The rally that brought us to Chaguaramal Primary School is a small part of Capriles’s plan for fending Chávez off. One of the governor’s aides gave me a tour of the school before Capriles arrived. It was pretty much as one would expect. Classrooms with chalkboards, bulletin boards, and desks. But when we opened the door to what I assumed would be another classroom, it wasn’t. Behind the door was something completely unexpected: a dentist’s chair and examination room. As the aide explained, because the central government had closed so many health facilities in retribution for Capriles’s election victory, they were taking the opportunity of renovating the school to provide the community with additional services.

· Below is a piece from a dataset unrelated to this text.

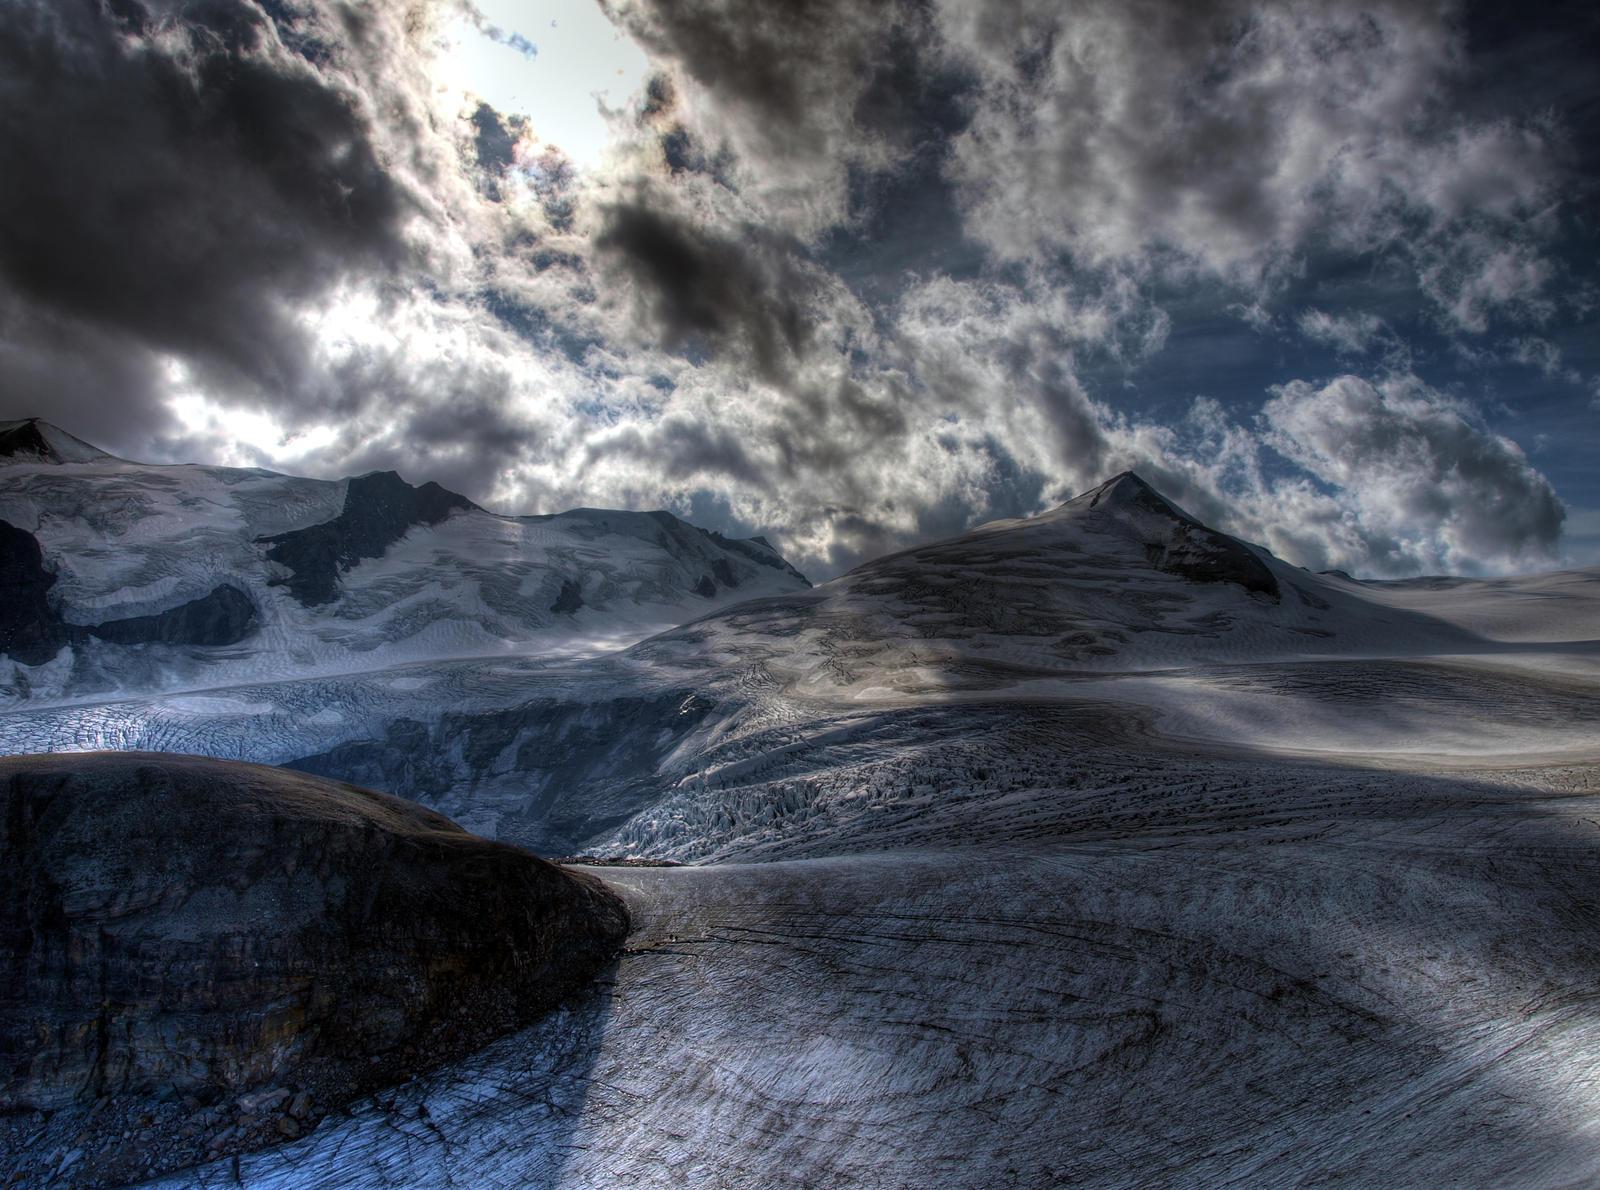 Sky And Shadows by Burtn

The thinking was that it would be much harder for the government to close a health facility that was embedded in a remodeled school, something the community had clearly embraced as its own and would not give up. “[Chávez] is taking away competencies and resources, but he can’t take away contact with the people,” says Capriles.

For all his passion, Capriles has no illusions about what he is up against. “In Miranda, we are in the Barlovento region. It has the biggest population of African descent in Venezuela. The violence is at the point that 136 people are killed by guns per 100,000 a year—four
times the crime rate in Latin America. A hundred and forty thousand children in Miranda are still not going to school. I have to build new schools. It is not going to be enough. It means working seven days a week.”

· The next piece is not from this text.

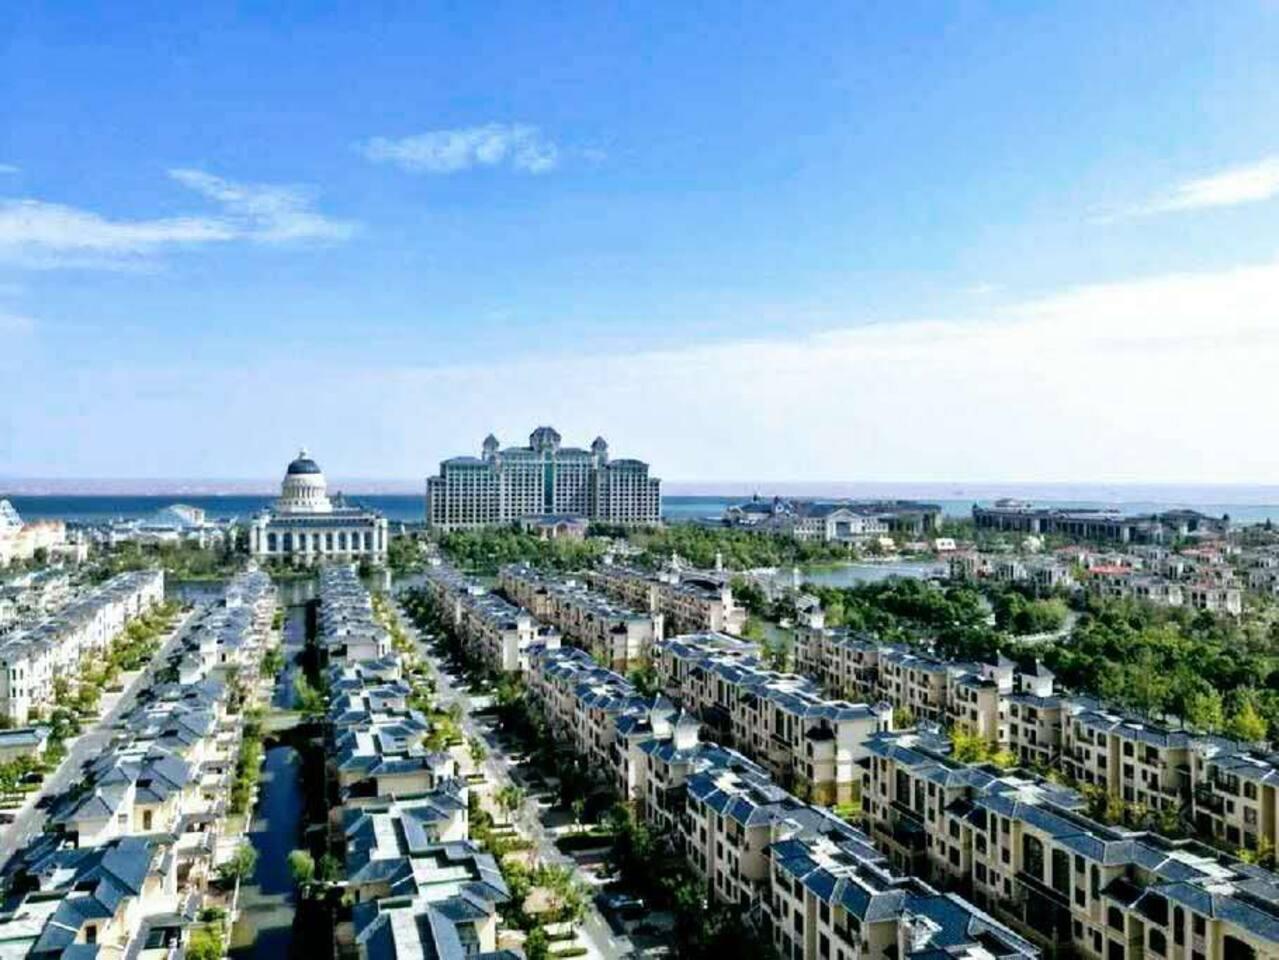 俯瞰恒大7星级中心与别墅区河道水路,赏海天一色

But in his mind, the one antidote to Chávez and the political barriers he has constructed across the country is building a direct line to the people, very much the connection he was forging on this Sunday in the countryside. It was losing this connection, becoming alienated from the vast majority of Venezuelans, that was the democratic opposition’s original sin. “In the past, the opposition dedicated all of its efforts to certain spaces but didn’t put effort in the rural areas. When you have a woman and you don’t like her, but she is the only one you have—it is the same. In some areas, Chavistas only have Chávez. There is no competition. We are changing that reality,” says Capriles. “If poor people hadn’t voted for me, I wouldn’t be governor. Seventy percent of my state is poor.”

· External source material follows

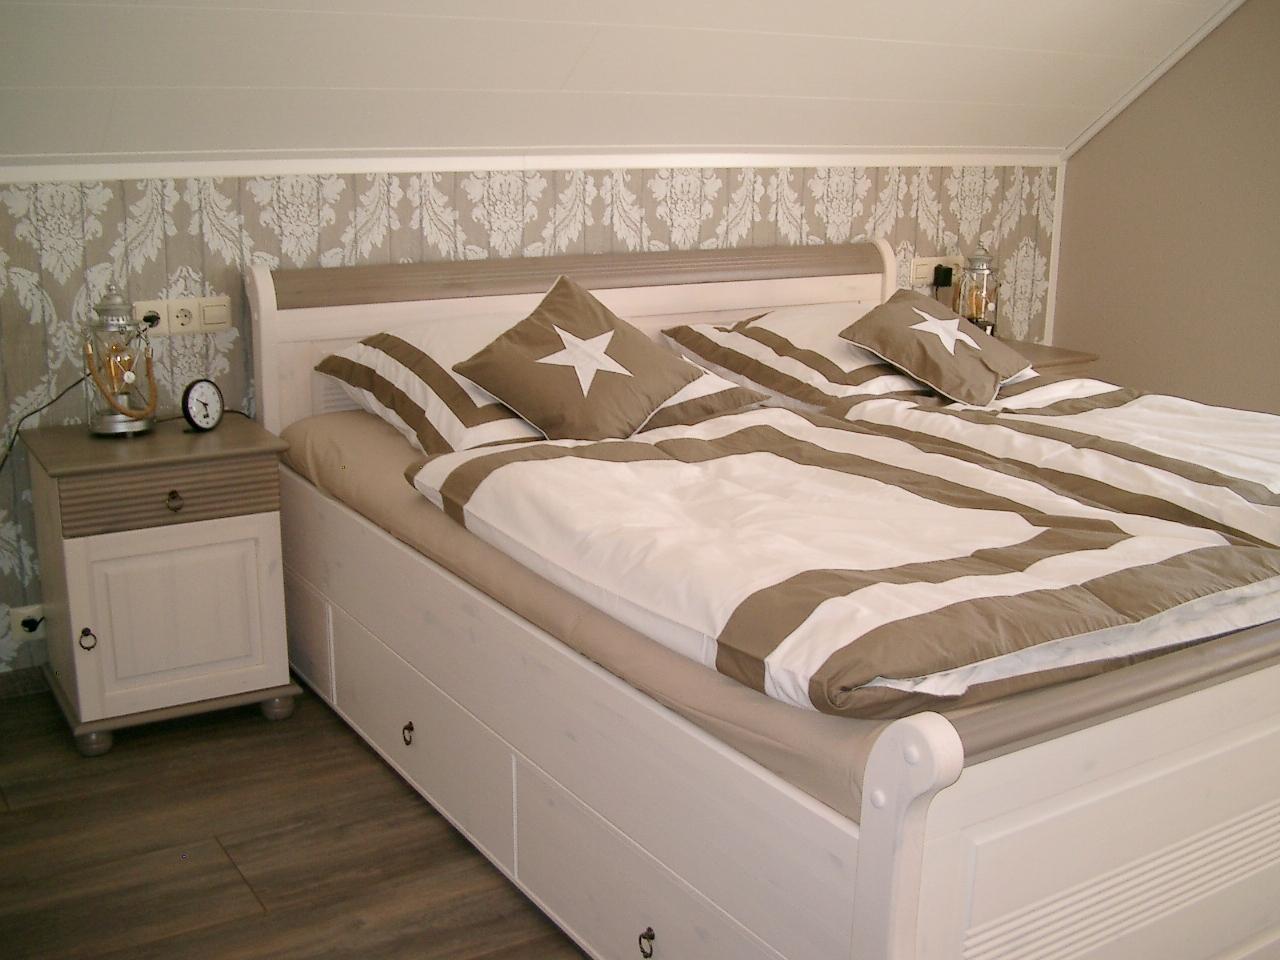 papier et cetera schlafzimmer m bel. Black Bedroom Furniture Sets. Home Design Ideas

His aides are looking at their watches, and the governor must move on to his next meeting. I ask him how he would describe Venezuela after ten years of Chávez’s rule. He tells me there is a phrase he recently heard that he thinks perfectly sums it up. He heard it from, of all people, a member of the Chinese Communist Party. “I was invited to China, at the official invitation of the Chinese Communist Party,” Capriles explains. “A Chinese official asked me, ‘What is happening to Chávez? He is a good friend, but what is he doing?’ ” Capriles told the Chinese official that if he, a friend to Chávez, didn’t know, why should he? “Then the Chinese official gave me his opinion,” says Capriles. “ ‘Venezuela is a country that grows but does not make progress.’ ”

“Crazy with Power”
 

Beijing is more than nine thousand miles from Caracas. But one morning in Petare, one of the larger slums that ring the hillsides of Venezuela’s capital, the Chinese Communist Party official’s observation strikes me as spot-on. Petare is a crowded and notoriously dangerous corner of Caracas. Yovanny, a middle-aged man and father of two who has invited me into his makeshift home, calls his neighborhood a place that has been good for
little more than “robberies, stripping
cars, and rape.” Nevertheless, Yovanny is proud of the house he has built there for his wife and two daughters, and rightfully so—he has had to fight for every inch of it. The structure is built from pieces of corrugated scrap metal, wood, and brick and held together by wire and a little joint compound. It rests, like the homes of all his neighbors, somewhat precariously on the edge of a steep incline. On this morning, a light breeze is coming off the mountains. We sit on a small open-air patio behind his house, underneath an avocado tree that has grown out of the hillside. Butterflies fly overhead, land for a few seconds near our glasses of orange soda, and then retreat to the tree. For a moment, you almost forget that you are in one of Caracas’s most dangerous neighborhoods.